Every year, there is much commotion about colds and flu in the media and not much is said about it other than getting the flu shot. While many people comply with this recommendation others look for alternatives.
Some of these individuals may have a reasonable strategy for combatting the bug, but others may question the safety and efficacy of such choices. This article—very briefly—goes over some of these options.
Do you often find yourself catching a cold during a change in season? If so, you’re not alone.
Changes in season, weather, and temperature can make people more vulnerable to colds.
Thus, prevention and maintenance of immune health is important for overall health and wellbeing year round. Fortunately, there are natural cold remedies that can help.
Echinacea is a herb that improves the efficiency of the immune system by helping the body to recognise pathogens and respond more rapidly, increasing the chances that the pathogen will be dealt with before it can damage the body.

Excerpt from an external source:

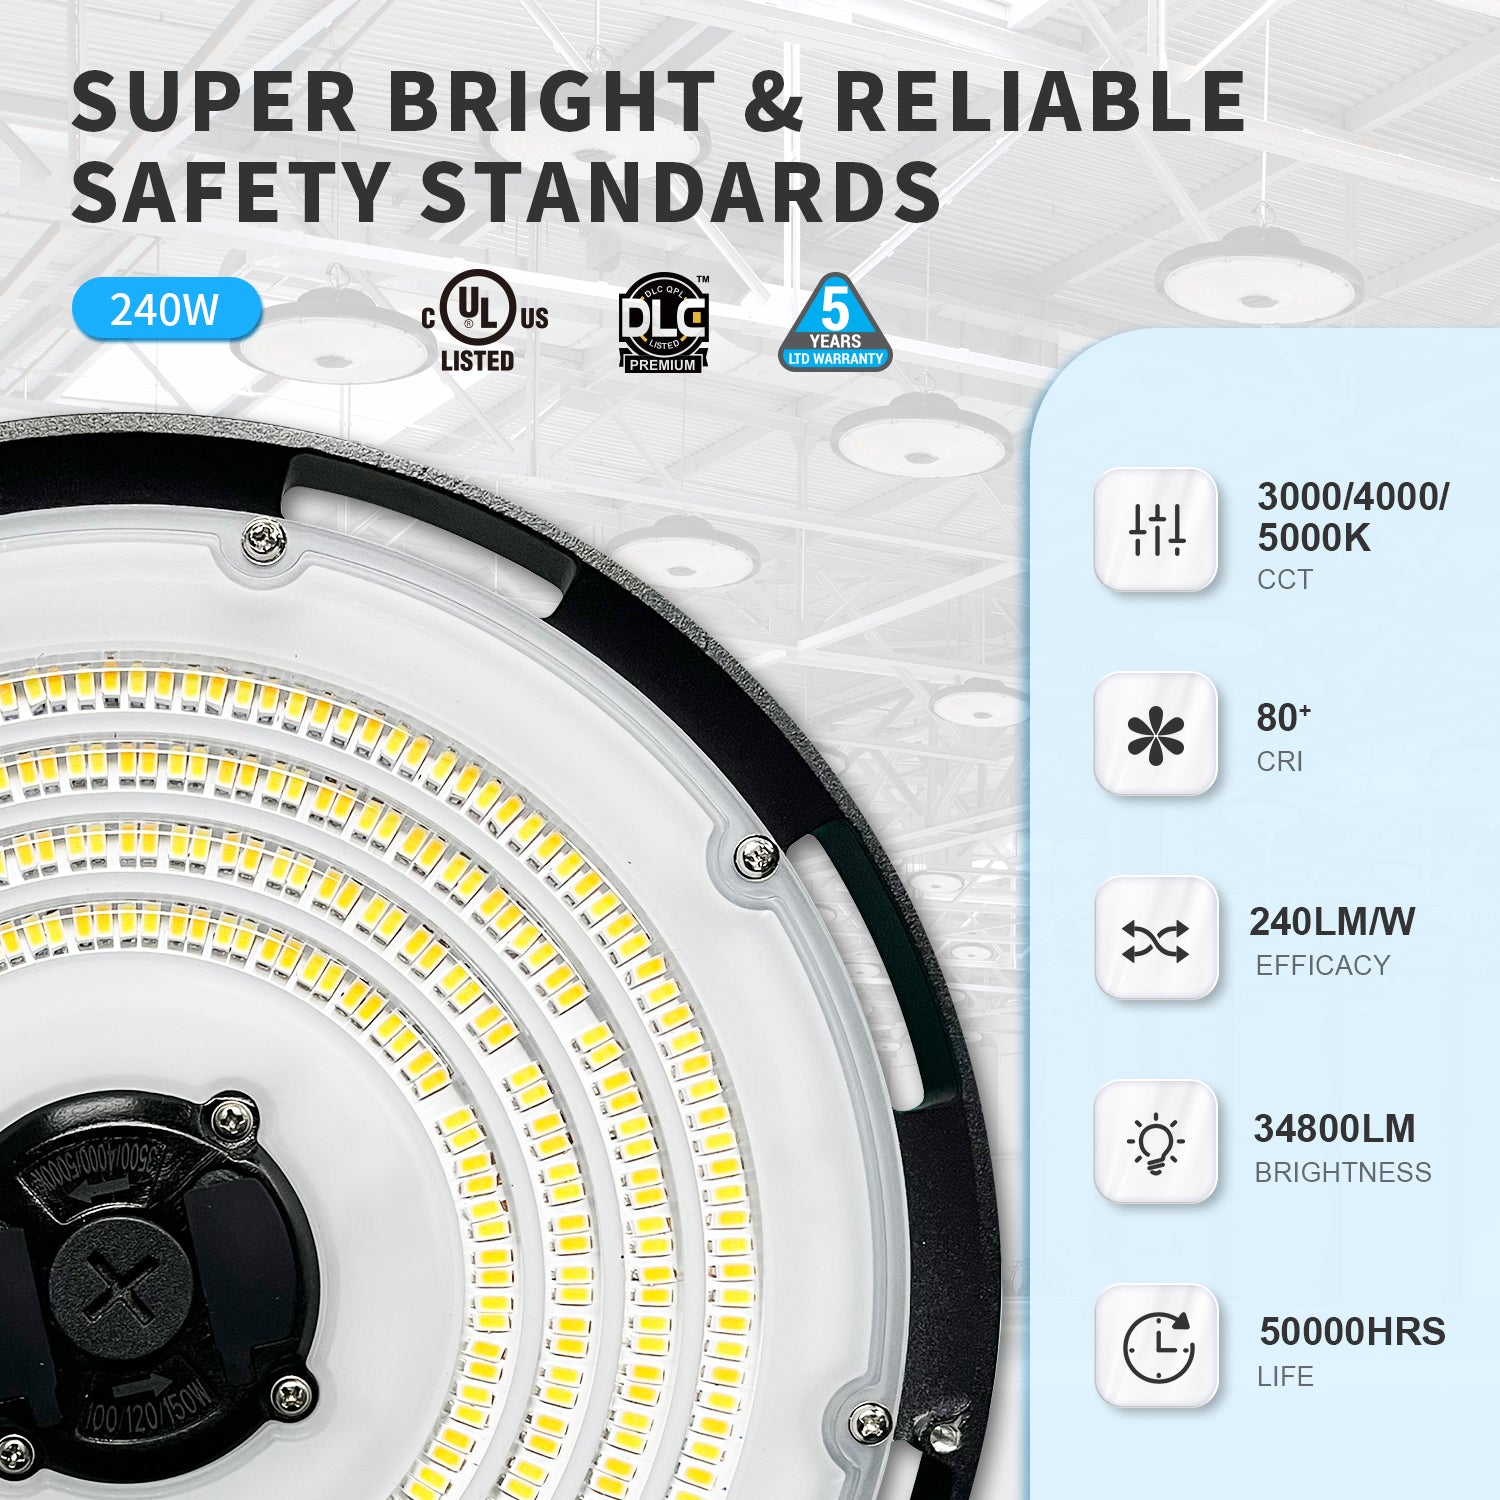 UFO lighting fixtures,240LM/W,34800LM,50000hrs life

Natural cold and flu remedies can be an effective support to overall immune support, especially within a society that often prescribes antibiotics as a primary source of treatment.
Antibiotics, despite being vitally important in multifarious conditions, are not always the answer for colds and flu. They work only when bacterial infections are present, for those with bronchitis, etc. They do not work against viral infections and, indeed, are frequently less than useful when given in such circumstances as they kill both friendly and unfriendly bacteria, leaving people vulnerable to thrush and bowel problems.
Overuse of antibiotics has additionally created an ever-growing number of bacteria that are immune to them, threatening doctors’ ability to treat serious illness. The emergence of superbugs – pathogens with a resistance to antimicrobial drugs – was firmly linked to the overuse and misuse of antibiotics in a report of the Standing Medical Advisory Committee.
Children catch an average of 6 to 10 colds every year. Children are more susceptible to colds than adults because they haven’t built up enough specific immunity to fight the many different cold viruses and they don’t have the same reflexes as adults when it comes to hygiene.
In children, a cold can easily lead to an ear infection because their Eustachian tubes are shorter and more horizontal than those of adults. As many as 75% of children develop an ear infection before the age of 3.